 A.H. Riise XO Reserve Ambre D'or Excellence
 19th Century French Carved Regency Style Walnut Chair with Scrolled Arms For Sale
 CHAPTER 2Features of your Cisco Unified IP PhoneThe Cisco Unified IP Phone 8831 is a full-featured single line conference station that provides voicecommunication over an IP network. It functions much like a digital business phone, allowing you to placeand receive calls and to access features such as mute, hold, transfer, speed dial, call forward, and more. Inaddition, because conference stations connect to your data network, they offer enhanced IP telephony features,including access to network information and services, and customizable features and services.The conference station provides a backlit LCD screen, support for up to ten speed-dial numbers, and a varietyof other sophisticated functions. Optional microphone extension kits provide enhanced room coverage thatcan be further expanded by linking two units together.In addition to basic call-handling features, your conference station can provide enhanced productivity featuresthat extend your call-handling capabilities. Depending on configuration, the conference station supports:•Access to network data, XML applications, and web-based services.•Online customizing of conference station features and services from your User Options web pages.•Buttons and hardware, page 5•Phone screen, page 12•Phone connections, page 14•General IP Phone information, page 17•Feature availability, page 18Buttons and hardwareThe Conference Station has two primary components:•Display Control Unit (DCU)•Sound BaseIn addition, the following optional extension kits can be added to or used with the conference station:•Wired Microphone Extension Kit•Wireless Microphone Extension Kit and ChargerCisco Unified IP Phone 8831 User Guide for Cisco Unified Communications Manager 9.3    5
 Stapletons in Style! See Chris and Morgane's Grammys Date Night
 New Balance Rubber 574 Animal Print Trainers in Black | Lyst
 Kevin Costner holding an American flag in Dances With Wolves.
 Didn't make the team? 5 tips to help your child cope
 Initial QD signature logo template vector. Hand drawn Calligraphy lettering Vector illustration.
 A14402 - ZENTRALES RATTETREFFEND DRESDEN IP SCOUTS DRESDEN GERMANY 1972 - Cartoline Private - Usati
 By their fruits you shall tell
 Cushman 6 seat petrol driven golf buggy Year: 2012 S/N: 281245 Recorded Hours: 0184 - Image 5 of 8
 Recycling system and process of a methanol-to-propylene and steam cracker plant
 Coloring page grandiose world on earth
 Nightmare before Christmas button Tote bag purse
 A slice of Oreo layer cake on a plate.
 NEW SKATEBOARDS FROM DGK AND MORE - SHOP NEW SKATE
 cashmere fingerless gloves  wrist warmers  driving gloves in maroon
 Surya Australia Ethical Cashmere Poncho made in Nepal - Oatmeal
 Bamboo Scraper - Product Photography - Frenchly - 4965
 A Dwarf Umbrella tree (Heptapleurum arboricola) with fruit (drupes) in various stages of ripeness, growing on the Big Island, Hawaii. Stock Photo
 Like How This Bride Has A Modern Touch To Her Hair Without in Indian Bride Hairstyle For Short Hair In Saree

####

* [ACTIVITY]: Please return every line of the data, unaltered.

* [TASK SOLUTION]:
 A.H. Riise XO Reserve Ambre D'or Excellence
 19th Century French Carved Regency Style Walnut Chair with Scrolled Arms For Sale
 CHAPTER 2Features of your Cisco Unified IP PhoneThe Cisco Unified IP Phone 8831 is a full-featured single line conference station that provides voicecommunication over an IP network. It functions much like a digital business phone, allowing you to placeand receive calls and to access features such as mute, hold, transfer, speed dial, call forward, and more. Inaddition, because conference stations connect to your data network, they offer enhanced IP telephony features,including access to network information and services, and customizable features and services.The conference station provides a backlit LCD screen, support for up to ten speed-dial numbers, and a varietyof other sophisticated functions. Optional microphone extension kits provide enhanced room coverage thatcan be further expanded by linking two units together.In addition to basic call-handling features, your conference station can provide enhanced productivity featuresthat extend your call-handling capabilities. Depending on configuration, the conference station supports:•Access to network data, XML applications, and web-based services.•Online customizing of conference station features and services from your User Options web pages.•Buttons and hardware, page 5•Phone screen, page 12•Phone connections, page 14•General IP Phone information, page 17•Feature availability, page 18Buttons and hardwareThe Conference Station has two primary components:•Display Control Unit (DCU)•Sound BaseIn addition, the following optional extension kits can be added to or used with the conference station:•Wired Microphone Extension Kit•Wireless Microphone Extension Kit and ChargerCisco Unified IP Phone 8831 User Guide for Cisco Unified Communications Manager 9.3    5
 Stapletons in Style! See Chris and Morgane's Grammys Date Night
 New Balance Rubber 574 Animal Print Trainers in Black | Lyst
 Kevin Costner holding an American flag in Dances With Wolves.
 Didn't make the team? 5 tips to help your child cope
 Initial QD signature logo template vector. Hand drawn Calligraphy lettering Vector illustration.
 A14402 - ZENTRALES RATTETREFFEND DRESDEN IP SCOUTS DRESDEN GERMANY 1972 - Cartoline Private - Usati
 By their fruits you shall tell
 Cushman 6 seat petrol driven golf buggy Year: 2012 S/N: 281245 Recorded Hours: 0184 - Image 5 of 8
 Recycling system and process of a methanol-to-propylene and steam cracker plant
 Coloring page grandiose world on earth
 Nightmare before Christmas button Tote bag purse
 A slice of Oreo layer cake on a plate.
 NEW SKATEBOARDS FROM DGK AND MORE - SHOP NEW SKATE
 cashmere fingerless gloves  wrist warmers  driving gloves in maroon
 Surya Australia Ethical Cashmere Poncho made in Nepal - Oatmeal
 Bamboo Scraper - Product Photography - Frenchly - 4965
 A Dwarf Umbrella tree (Heptapleurum arboricola) with fruit (drupes) in various stages of ripeness, growing on the Big Island, Hawaii. Stock Photo
 Like How This Bride Has A Modern Touch To Her Hair Without in Indian Bride Hairstyle For Short Hair In Saree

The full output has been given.